In 2021, Lola Lafon was granted permission to stay overnight—alone for ten hours—in the Annex in Amsterdam where Anne Frank and her family had hidden from the Nazis between 1942 and 1944. Lola Lafon’s visit to this space, where Anne Frank wrote her famous diary, evoked the confinement and constant danger suffered by the Franks, and the family’s ghostly presence as well. “The night was inhabited, lit by reflections,” the author writes. “Some urgency dwelled at the heart of the Annex, crouched there, ready to be discovered.”
Lola Lafon introduces a new vision of Anne Frank, not as a venerated and exploited myth but as the precocious, ambitious, and beloved girl she was as well as a disciplined writer whose well-loved diary is in fact a carefully constructed literary work. Throughout, Lola Lafon reflects on what it means to lose loved ones, both her own family in the Holocaust and her childhood friend to the Khmer Rouge.
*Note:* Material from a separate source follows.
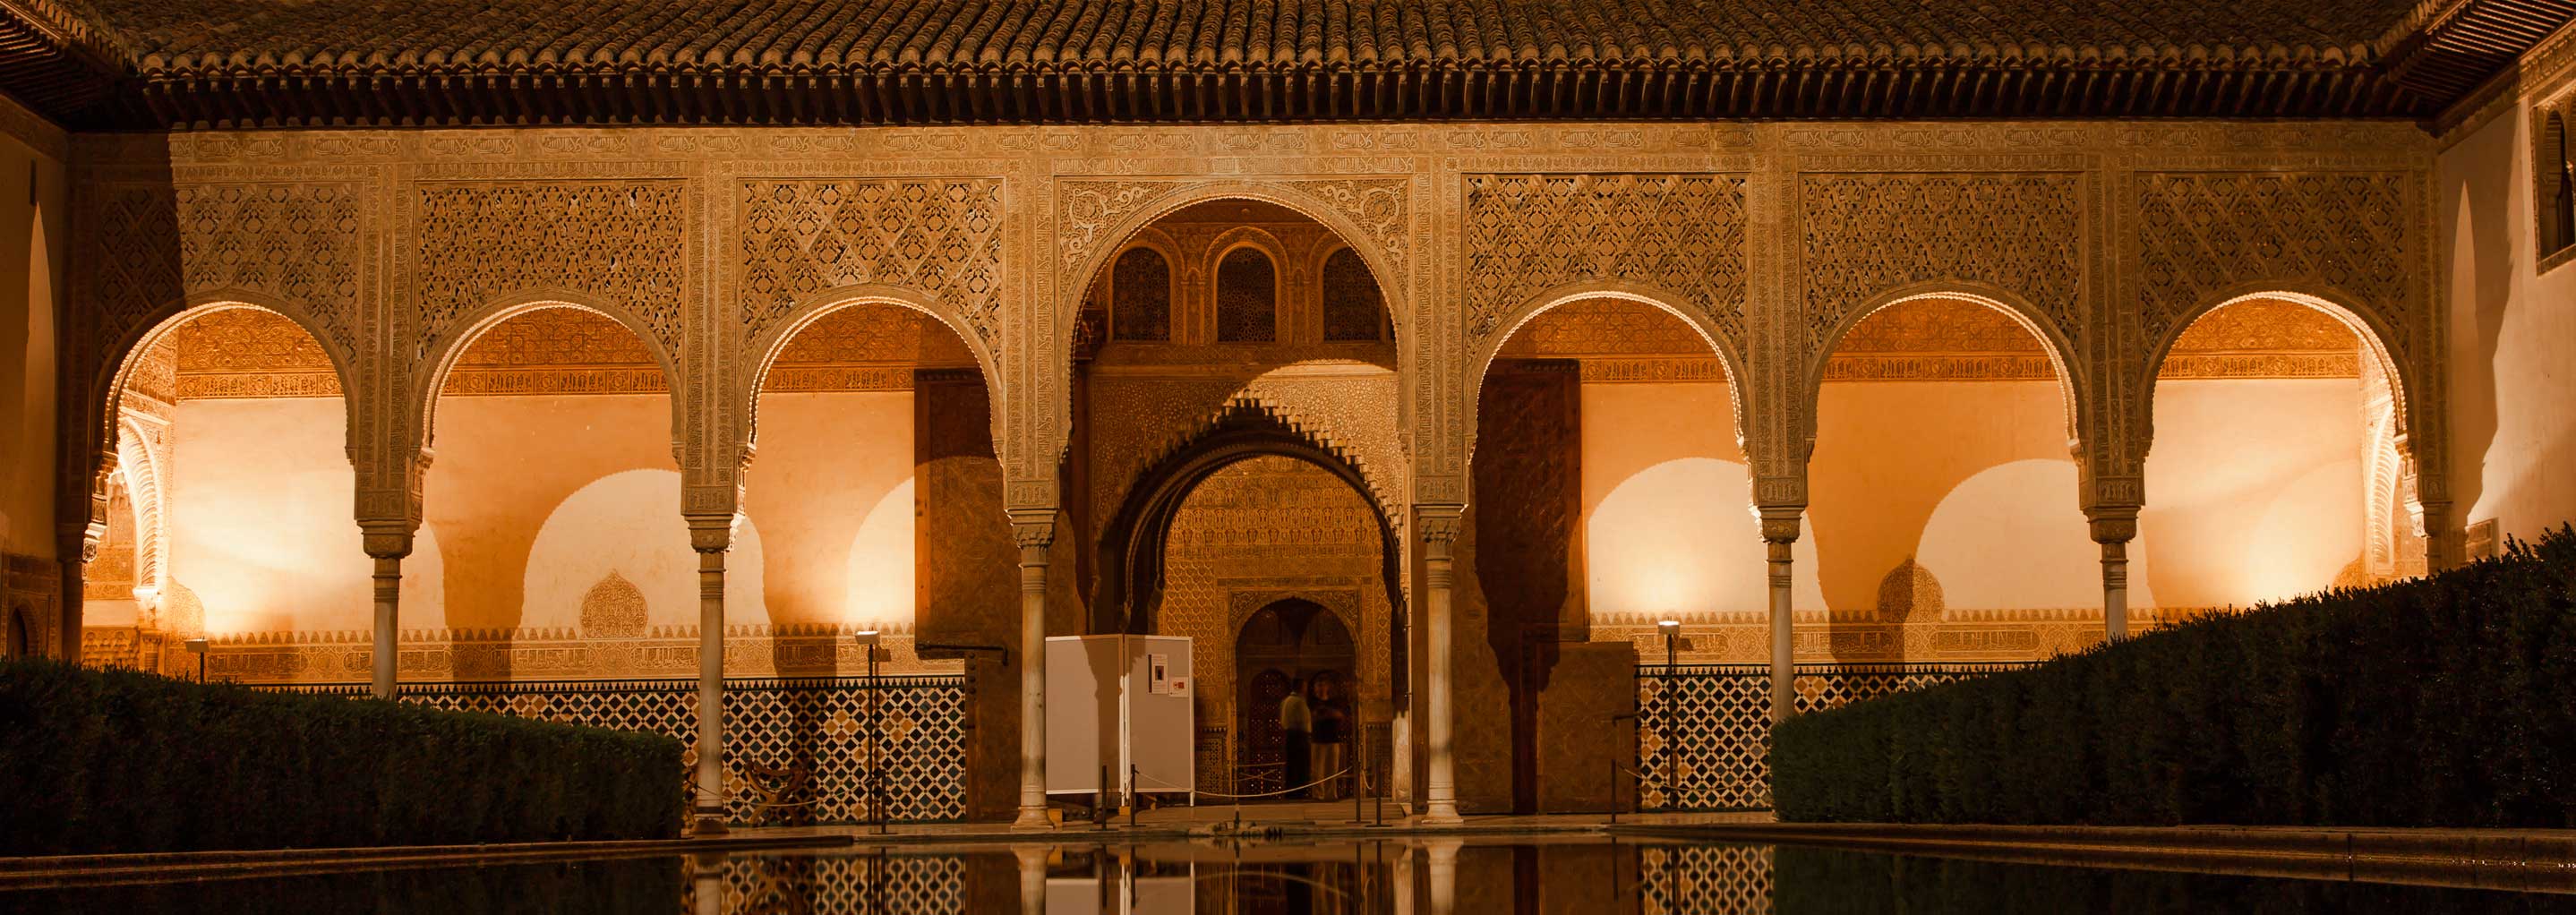 3 Leyendas que no conocías (o sí) de la Alhambra

A prize-winner and best-seller in France, this book asks us to consider the stories we tell ourselves about tragedy, how we grapple with loss, and why, in the face of danger and confinement, women write.
This event is in English and is free. Please click here to RSVP.
The event is co-organized with Villa Albertine and is a part of the Authors on Tour and 2025 Literary Fall program.
Lola Lafon is a French writer who grew up in Eastern Europe and studied dance and music in Paris and New York. Her books tackle several ideological themes such as capitalism, antifascism, and probe the violence and deceit of society toward women. Lola Lafon is politically engaged in several collectives, addressing feminist questions and concerns. Her prizewinning books include The Little Communist Who Never Smiled (trans. by Nick Caistor, Seven Stories Press) and Reeling: A Novel (trans. by Hildegarde Serle, Europa Editions).